After I used the spices in my Spicery Delivery (Noodle and I made a Lebanese Mezze, remember) I noticed there was another full packet of spices left in the box.

At first, I obviously panicked. I was convinced that I’d completely forgotten to add it into one of the dishes and I was going to be left with flatbread that tasted like cardboard, or worse! Cauliflower that actually tasted like just cauliflower. Can you imagine what I was going through?

I decided to act like a mature adult and lie on the floor breathing heavily until Anna pointed out that I could just read the instructions. Because she’s the sensible one and I have a minor tendency to overreact to the slightest provocation I read the instructions and it turns out that The Spicery adds in an extra packet of spice mix to the delivery, just because they can.  Which is awesome.

The mixture this month was called Easta Fajita mix. It had 4 kinds of chillis blended with a number of different spices  (I’m not going to ruin the surprise, just sign up and don’t look back). The suggestion was to make it with rabbit as, traditionally, the vaqueros and cowboys of Texas-Mexico area would have been more likely to use that meat as there’s so many of the little critters wandering the plains. Seriously, think about it. We automatically think “chicken” when someone says fajitas, but how did this come about?
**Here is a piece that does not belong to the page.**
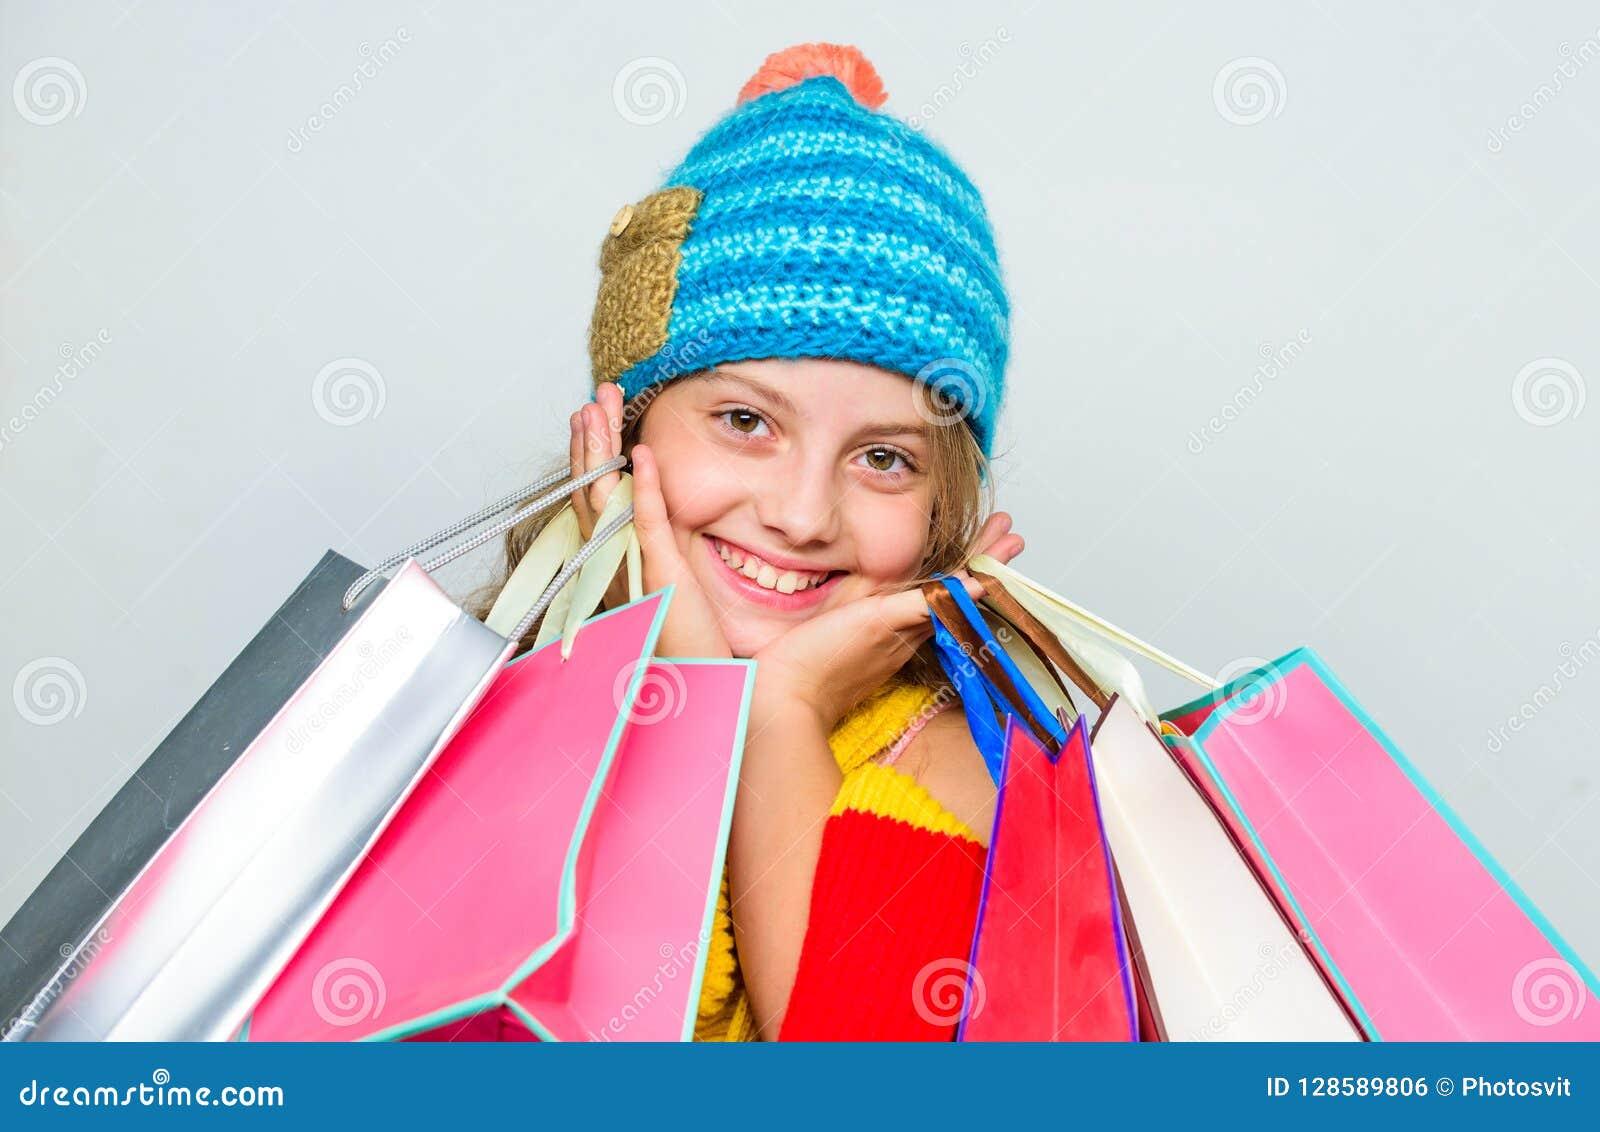 39de9cca07647 Amazing Shopping Concept. Buy Clothes Amazing Discount. Get Promo ...
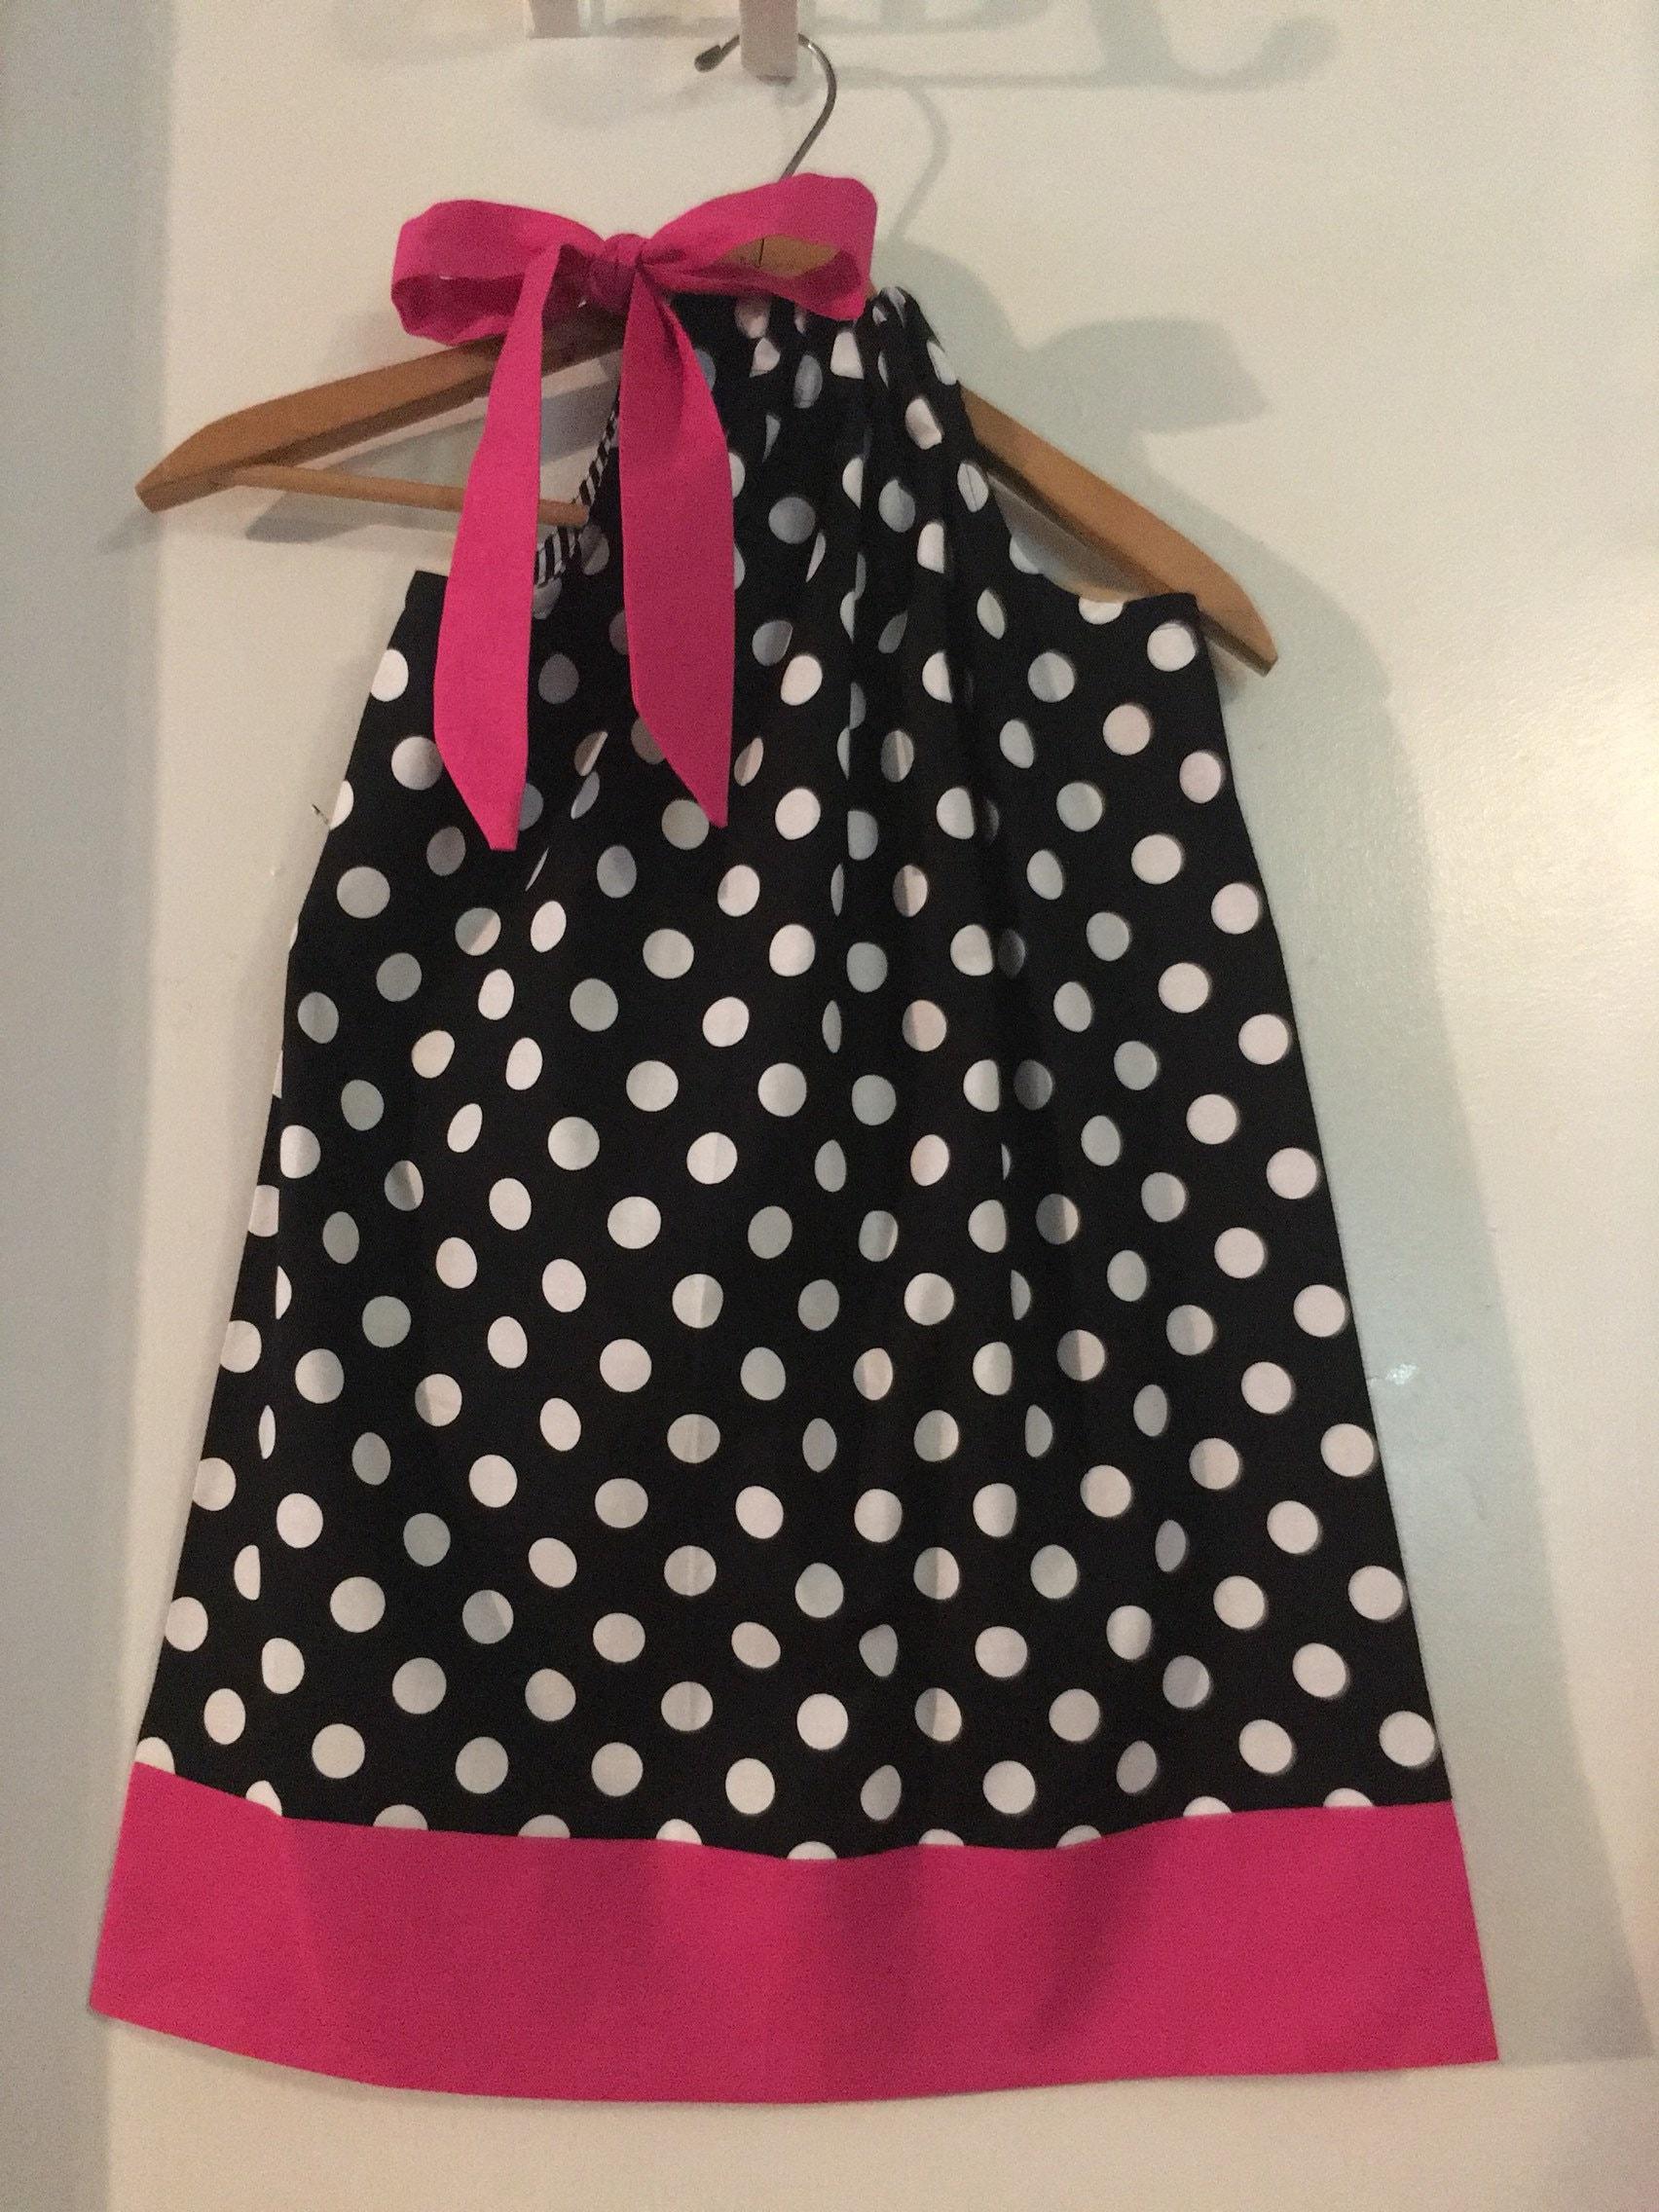 3e2224a65661 Black dots dress Pink back dress Polka dots dress | Etsy

Seriously, think about it. We automatically think “chicken” when someone says fajitas, but how did this come about? Try to picture an absolute shedload of chickens just wandering about the prairies, clucking away, dodging coyotes and the like. They wouldn’t last 5 minutes. Rabbits, now there’s a survivor.

Anyway, I’ve digressed again.

I just so happened to have a rabbit in my freezer, which was a fortunate turn of events, and I had no idea what I was going to do with it. Until now..!

I bought the usual mixture of fajita vegetables (bell peppers, red onions, garlic… that’s it really) and set about my dish.

The first step, as it turns out, was the hardest. I had to fillet the rabbit.

I have never filleted anything in my life. I had no idea where to start. Fortunately, over 10 years ago someone invented the internet (history may not have been my strong suit). So I found articles on it, but reading is not the same as doing. Eventually, I did that thing where you watch 10 seconds of a Youtube video, follow the instructions, forget to press pause, rewind it too far and end up in this back and forth of missing information and listening to the same bit over and over again.

After what felt like too long to be manhandling a dead rabbit, I had a decent amount of meat.

All I did was mix the spice pack with some coconut oil, lemon and lime zest, coated the meat and vegetables in it and left it to marinate for a couple of hours.

While this was happening, I decided to shy away from my go-to option of wraps. As much as I do love them, this required more. It required a little inspiration.

This inspiration came from playing Battlefield: Hardline. In it, two characters are talking about going for Cuban food and one jokes about not eating fried plantain. That reminded me of my 3 months in Africa where we were regularly served a dish called Nndizi. This is like the Tanzanian version of mashed potato and it’s also very popular in Latin America. At its most simple, Ndizi is boiled and mashed plantain. That’s it.

I wanted a little something extra with my food. I wanted jazz.

So I boiled the plantain with some jalapenos and the brine, drained it and blended it with salt, pepper, mint and peas. The sweetness of the ingredients worked perfectly with the sourness of the brine.

The fajita mix was just slow roasted on a low temperature for a few hours and then left in the oven overnight. This is because rabbit is a really lean meat and tends to dry out after long cooking times. Leaving it in the sauce lets it soak all that juice back up and makes it so moist it almost falls apart.

All that was left to do was wash my lunchbox, pile it all in and take it to work for lunch; where it went down an absolute treat.

Oooh! Easta-Easter, Easter bunny-rabbit. Well done Spicery, well done indeed.